*EXERCISE DESCRIPTION*. The lines from the start of the data up to and including the one with "El Mikado la" should be returned exactly, and nothing else.

*Records from a dataset*.
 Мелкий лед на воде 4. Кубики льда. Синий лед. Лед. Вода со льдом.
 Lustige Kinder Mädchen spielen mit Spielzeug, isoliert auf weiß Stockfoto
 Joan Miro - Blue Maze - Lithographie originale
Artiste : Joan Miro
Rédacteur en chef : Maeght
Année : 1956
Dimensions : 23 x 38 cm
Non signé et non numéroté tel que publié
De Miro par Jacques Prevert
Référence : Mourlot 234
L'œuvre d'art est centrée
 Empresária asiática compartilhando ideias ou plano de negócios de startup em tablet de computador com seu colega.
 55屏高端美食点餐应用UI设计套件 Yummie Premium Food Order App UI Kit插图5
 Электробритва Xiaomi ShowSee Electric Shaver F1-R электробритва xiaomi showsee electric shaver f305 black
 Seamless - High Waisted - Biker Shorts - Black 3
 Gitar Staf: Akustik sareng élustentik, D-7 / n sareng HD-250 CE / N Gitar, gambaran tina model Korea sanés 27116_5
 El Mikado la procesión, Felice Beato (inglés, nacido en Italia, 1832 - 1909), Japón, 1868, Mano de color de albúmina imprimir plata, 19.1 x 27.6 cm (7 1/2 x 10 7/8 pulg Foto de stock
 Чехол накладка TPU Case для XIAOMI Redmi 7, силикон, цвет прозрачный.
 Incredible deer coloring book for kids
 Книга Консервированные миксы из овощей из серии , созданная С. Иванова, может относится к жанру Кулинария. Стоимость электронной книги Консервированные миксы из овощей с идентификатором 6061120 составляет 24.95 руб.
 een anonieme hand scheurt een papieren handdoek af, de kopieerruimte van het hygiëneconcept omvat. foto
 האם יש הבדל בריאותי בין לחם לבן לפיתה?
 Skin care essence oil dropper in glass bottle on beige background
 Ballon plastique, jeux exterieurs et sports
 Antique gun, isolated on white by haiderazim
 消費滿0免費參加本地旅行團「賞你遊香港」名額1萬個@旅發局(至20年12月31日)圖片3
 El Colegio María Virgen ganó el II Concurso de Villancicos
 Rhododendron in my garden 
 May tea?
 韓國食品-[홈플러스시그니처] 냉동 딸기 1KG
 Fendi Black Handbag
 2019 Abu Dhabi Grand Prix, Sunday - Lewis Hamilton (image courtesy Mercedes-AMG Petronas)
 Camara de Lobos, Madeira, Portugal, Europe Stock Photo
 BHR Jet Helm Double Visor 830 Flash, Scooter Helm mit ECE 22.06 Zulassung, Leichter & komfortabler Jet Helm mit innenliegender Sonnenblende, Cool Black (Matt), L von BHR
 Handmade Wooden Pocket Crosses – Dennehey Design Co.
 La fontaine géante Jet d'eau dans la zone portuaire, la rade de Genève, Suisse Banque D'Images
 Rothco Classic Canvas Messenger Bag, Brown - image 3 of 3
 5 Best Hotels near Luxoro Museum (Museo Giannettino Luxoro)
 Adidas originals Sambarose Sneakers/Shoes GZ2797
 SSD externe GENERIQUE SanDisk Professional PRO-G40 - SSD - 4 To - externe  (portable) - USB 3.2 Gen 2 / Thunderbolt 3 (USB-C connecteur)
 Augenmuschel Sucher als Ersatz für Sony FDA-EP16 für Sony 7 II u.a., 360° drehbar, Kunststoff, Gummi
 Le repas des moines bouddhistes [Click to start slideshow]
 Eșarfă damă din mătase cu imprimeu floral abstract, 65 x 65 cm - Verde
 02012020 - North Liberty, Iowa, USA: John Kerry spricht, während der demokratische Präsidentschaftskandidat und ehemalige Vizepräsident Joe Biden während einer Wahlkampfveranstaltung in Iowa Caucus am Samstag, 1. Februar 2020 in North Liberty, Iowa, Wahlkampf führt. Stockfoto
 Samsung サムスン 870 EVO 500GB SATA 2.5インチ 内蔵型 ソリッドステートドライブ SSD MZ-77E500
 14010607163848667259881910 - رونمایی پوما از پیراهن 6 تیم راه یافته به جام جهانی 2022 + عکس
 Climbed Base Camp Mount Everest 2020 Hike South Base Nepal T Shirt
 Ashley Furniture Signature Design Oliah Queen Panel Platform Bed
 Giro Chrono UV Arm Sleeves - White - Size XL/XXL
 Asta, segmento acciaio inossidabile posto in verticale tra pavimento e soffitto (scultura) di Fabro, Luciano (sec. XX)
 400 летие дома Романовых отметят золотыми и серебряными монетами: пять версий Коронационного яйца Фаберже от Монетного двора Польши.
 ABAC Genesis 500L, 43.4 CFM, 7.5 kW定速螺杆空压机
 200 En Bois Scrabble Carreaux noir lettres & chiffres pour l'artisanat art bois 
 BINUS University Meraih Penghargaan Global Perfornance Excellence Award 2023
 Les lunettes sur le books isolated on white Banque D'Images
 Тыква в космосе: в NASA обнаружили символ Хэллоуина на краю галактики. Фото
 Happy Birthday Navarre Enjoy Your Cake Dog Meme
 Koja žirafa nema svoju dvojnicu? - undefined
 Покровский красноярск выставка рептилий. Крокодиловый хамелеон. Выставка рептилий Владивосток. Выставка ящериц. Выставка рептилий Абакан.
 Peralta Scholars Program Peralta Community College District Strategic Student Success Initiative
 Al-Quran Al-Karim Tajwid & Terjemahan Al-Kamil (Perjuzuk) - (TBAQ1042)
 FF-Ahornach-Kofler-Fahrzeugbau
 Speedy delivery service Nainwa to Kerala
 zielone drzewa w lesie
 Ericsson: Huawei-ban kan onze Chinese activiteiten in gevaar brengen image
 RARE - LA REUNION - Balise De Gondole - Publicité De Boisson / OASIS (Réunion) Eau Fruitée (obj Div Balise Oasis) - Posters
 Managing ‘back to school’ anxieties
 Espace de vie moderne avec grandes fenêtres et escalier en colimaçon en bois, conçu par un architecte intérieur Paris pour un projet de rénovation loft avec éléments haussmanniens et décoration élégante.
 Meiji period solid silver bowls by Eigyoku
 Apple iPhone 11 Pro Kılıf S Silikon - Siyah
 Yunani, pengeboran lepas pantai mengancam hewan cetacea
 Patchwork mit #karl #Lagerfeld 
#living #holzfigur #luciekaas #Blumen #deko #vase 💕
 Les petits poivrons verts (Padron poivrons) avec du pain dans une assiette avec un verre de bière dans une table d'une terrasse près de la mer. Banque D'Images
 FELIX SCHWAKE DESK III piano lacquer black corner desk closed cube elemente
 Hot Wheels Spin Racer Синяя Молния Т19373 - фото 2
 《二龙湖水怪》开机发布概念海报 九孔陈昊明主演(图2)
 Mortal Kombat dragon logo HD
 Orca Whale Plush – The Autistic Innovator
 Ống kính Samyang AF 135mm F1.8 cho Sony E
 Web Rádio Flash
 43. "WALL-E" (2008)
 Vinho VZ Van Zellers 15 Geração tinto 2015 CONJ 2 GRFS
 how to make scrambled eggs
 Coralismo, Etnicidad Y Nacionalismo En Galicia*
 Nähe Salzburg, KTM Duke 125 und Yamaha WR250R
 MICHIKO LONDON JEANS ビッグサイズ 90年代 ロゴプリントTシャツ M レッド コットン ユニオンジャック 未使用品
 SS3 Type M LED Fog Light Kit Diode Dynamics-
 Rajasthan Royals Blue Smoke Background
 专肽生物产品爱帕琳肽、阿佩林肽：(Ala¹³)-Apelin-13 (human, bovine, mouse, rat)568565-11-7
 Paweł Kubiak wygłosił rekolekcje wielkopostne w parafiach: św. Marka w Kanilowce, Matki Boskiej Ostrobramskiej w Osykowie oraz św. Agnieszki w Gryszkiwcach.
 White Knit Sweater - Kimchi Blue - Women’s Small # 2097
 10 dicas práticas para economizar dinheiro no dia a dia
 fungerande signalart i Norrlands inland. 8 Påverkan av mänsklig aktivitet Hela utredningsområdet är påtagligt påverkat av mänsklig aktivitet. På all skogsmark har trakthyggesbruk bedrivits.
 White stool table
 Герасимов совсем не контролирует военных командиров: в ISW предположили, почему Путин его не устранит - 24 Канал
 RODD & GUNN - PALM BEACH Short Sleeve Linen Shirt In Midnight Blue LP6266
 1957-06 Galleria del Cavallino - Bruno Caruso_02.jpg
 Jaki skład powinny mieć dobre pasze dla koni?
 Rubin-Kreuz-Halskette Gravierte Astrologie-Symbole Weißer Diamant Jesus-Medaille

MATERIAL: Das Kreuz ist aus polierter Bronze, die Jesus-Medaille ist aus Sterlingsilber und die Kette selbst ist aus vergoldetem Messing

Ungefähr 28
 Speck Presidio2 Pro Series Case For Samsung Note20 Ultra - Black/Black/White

*FINISHED TASK*.
 Мелкий лед на воде 4. Кубики льда. Синий лед. Лед. Вода со льдом.
 Lustige Kinder Mädchen spielen mit Spielzeug, isoliert auf weiß Stockfoto
 Joan Miro - Blue Maze - Lithographie originale
Artiste : Joan Miro
Rédacteur en chef : Maeght
Année : 1956
Dimensions : 23 x 38 cm
Non signé et non numéroté tel que publié
De Miro par Jacques Prevert
Référence : Mourlot 234
L'œuvre d'art est centrée
 Empresária asiática compartilhando ideias ou plano de negócios de startup em tablet de computador com seu colega.
 55屏高端美食点餐应用UI设计套件 Yummie Premium Food Order App UI Kit插图5
 Электробритва Xiaomi ShowSee Electric Shaver F1-R электробритва xiaomi showsee electric shaver f305 black
 Seamless - High Waisted - Biker Shorts - Black 3
 Gitar Staf: Akustik sareng élustentik, D-7 / n sareng HD-250 CE / N Gitar, gambaran tina model Korea sanés 27116_5
 El Mikado la procesión, Felice Beato (inglés, nacido en Italia, 1832 - 1909), Japón, 1868, Mano de color de albúmina imprimir plata, 19.1 x 27.6 cm (7 1/2 x 10 7/8 pulg Foto de stock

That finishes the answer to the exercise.